INFORMATION PROVIDED:
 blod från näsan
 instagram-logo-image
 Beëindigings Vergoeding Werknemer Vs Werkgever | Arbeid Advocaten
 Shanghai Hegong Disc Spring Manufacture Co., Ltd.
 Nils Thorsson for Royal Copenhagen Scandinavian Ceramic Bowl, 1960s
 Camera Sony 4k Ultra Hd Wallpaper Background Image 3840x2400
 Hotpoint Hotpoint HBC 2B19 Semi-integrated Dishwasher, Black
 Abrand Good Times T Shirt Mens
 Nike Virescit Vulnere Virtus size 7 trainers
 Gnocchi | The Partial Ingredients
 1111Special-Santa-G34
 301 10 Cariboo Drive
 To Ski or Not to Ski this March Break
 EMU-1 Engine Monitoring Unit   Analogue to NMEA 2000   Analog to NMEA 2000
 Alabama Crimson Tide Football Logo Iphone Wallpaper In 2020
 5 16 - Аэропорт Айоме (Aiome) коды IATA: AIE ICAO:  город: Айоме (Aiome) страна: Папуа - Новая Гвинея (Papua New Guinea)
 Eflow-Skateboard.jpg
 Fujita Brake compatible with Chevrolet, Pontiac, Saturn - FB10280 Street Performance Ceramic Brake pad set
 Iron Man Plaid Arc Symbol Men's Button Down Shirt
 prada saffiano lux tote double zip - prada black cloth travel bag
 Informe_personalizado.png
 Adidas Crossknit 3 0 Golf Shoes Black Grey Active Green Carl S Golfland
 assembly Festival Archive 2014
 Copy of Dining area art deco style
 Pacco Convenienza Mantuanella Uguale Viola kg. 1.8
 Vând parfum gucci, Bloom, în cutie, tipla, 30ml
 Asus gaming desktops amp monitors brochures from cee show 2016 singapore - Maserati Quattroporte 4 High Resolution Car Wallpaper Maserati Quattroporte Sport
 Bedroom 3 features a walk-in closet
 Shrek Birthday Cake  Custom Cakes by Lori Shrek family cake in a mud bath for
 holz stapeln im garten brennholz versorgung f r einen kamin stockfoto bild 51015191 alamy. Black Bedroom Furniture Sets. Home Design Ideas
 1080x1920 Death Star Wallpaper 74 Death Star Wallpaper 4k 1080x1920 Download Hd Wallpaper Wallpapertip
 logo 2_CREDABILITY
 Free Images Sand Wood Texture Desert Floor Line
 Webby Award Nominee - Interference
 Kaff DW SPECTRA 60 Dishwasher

WHAT TO PRODUCE:
In the listing above, find the line with "instagram-logo-image" and the line with "Camera Sony 4k", then print exactly those lines and every line between them.

TASK RESPONSE:
 instagram-logo-image
 Beëindigings Vergoeding Werknemer Vs Werkgever | Arbeid Advocaten
 Shanghai Hegong Disc Spring Manufacture Co., Ltd.
 Nils Thorsson for Royal Copenhagen Scandinavian Ceramic Bowl, 1960s
 Camera Sony 4k Ultra Hd Wallpaper Background Image 3840x2400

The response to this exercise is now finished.